Location: Insect Behavior and Biocontrol ResearchTitle: Automated applications of acoustics for stored product insect detection, monitoring, and management
|HAGSTRUM, DAVID - Kansas State University|
|GUO, MIN - Shaanxi Normal University|
|ELIOPOULOS, PANAGIOTIS - University Of Ioannina|
|NJOROGE, ANASTASIA - University Of Florida|
Submitted to: Insects
Publication Type: Peer Reviewed Journal
Publication Acceptance Date: 3/5/2021
Publication Date: 3/19/2021
Citation: Mankin, R.W., Hagstrum, D., Guo, M., Eliopoulos, P., Njoroge, A. 2021. Automated applications of acoustics for stored product insect detection, monitoring, and management. Insects. 12(3):259. https://doi.org/10.3390/insects12030259.
Interpretive Summary: Stored product insects are major contributors to economic losses to stored grains and processed foodstuffs. Scientists at the USDA-ARS Center for Medical, Agricultural, and Veterinary Entomology, Gainesville, FL, Kansas State University, Manhattan, KS, Shaanxi Normal University, Xi'an, China, the University of Thessaly, Larissa Greece, and the University of Florida, Homestead, FL, conducted studies to acoustically detect stored product insects with newly developed automated acoustic sensors, replacing equipment that is no longer commercially available. The results of the study indicate that hidden insect infestations in grain can be detected easily by the new system, and that the information can be incorporated into automated management systems. The future of automated insect acoustic detection systems for stored product insect management is discussed.

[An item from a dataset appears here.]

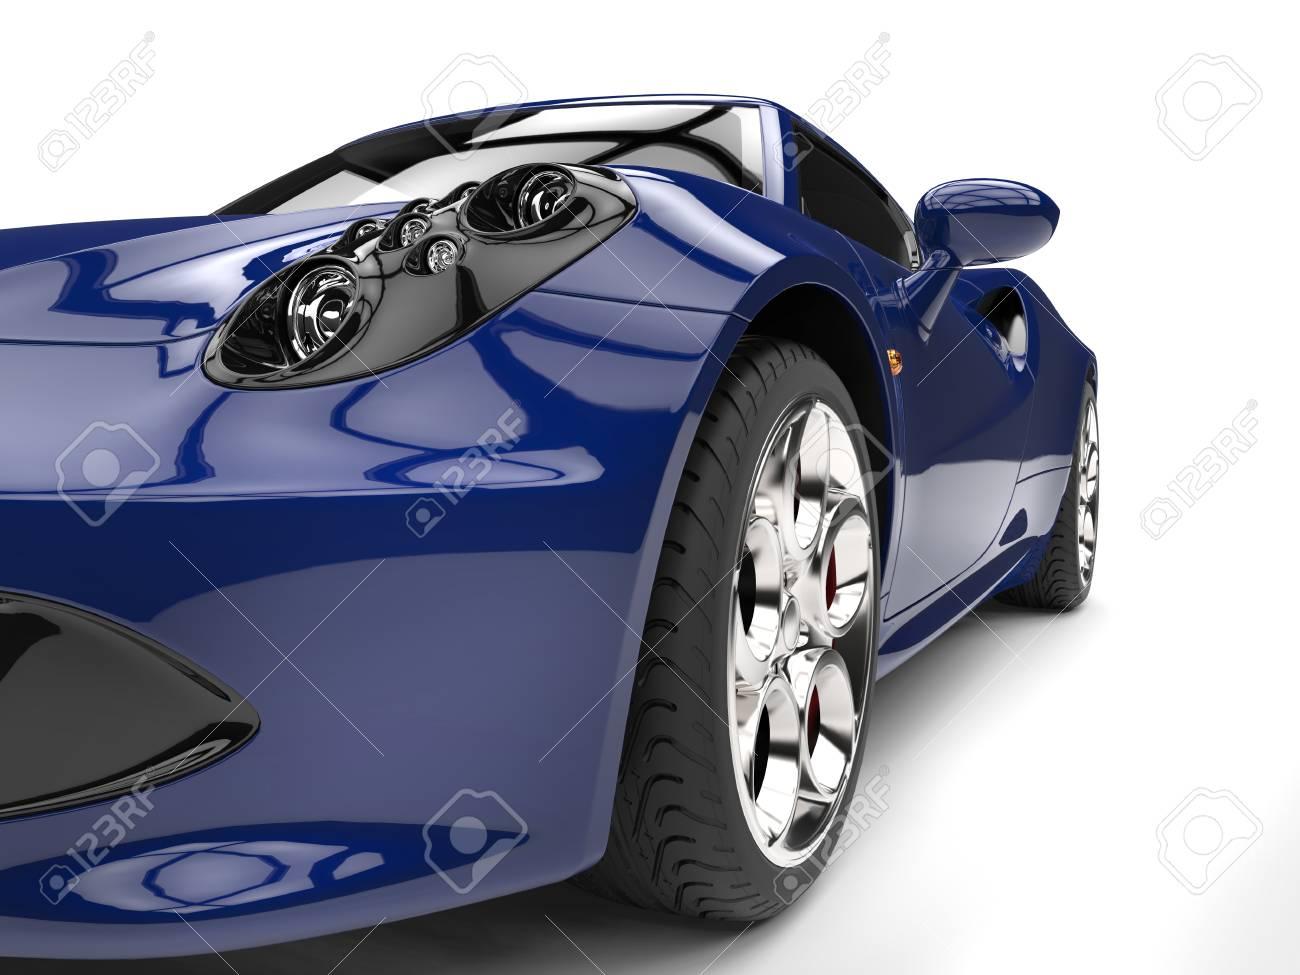 Royal blue sports car - headlight extreme closeup shot

Technical Abstract: Acoustic technology provides information difficult to obtain about stored insect behavior, physiology, abundance, and distribution. For example, acoustic detection of immature insects feeding hidden within grain is helpful for accurate monitoring because they can be more abundant than adults and be present in samples without adults. Modern engineering and acoustics have been incorporated into decision support systems for stored product insect management, but with somewhat limited use due to device costs and the skills needed to interpret the data collected. However, inexpensive modern tools may facilitate further incorporation of acoustic technology into the mainstream of pest management and precision agriculture. One such system was tested herein to describe Sitophilus oryzae (Coleoptera: Curculionidae) adult and larval movement and feeding in stored grain. Development of improved methods to identify sounds of targeted pest insects, distinguishing them from each other and from background noise, is an active area of current research. The most powerful of the new methods may be machine learning. The methods have different strengths and weaknesses depending on types of background noise and signal characteristic of target insect sounds. It is likely that they will facilitate automation of detection and decrease costs of managing stored product insects in the future.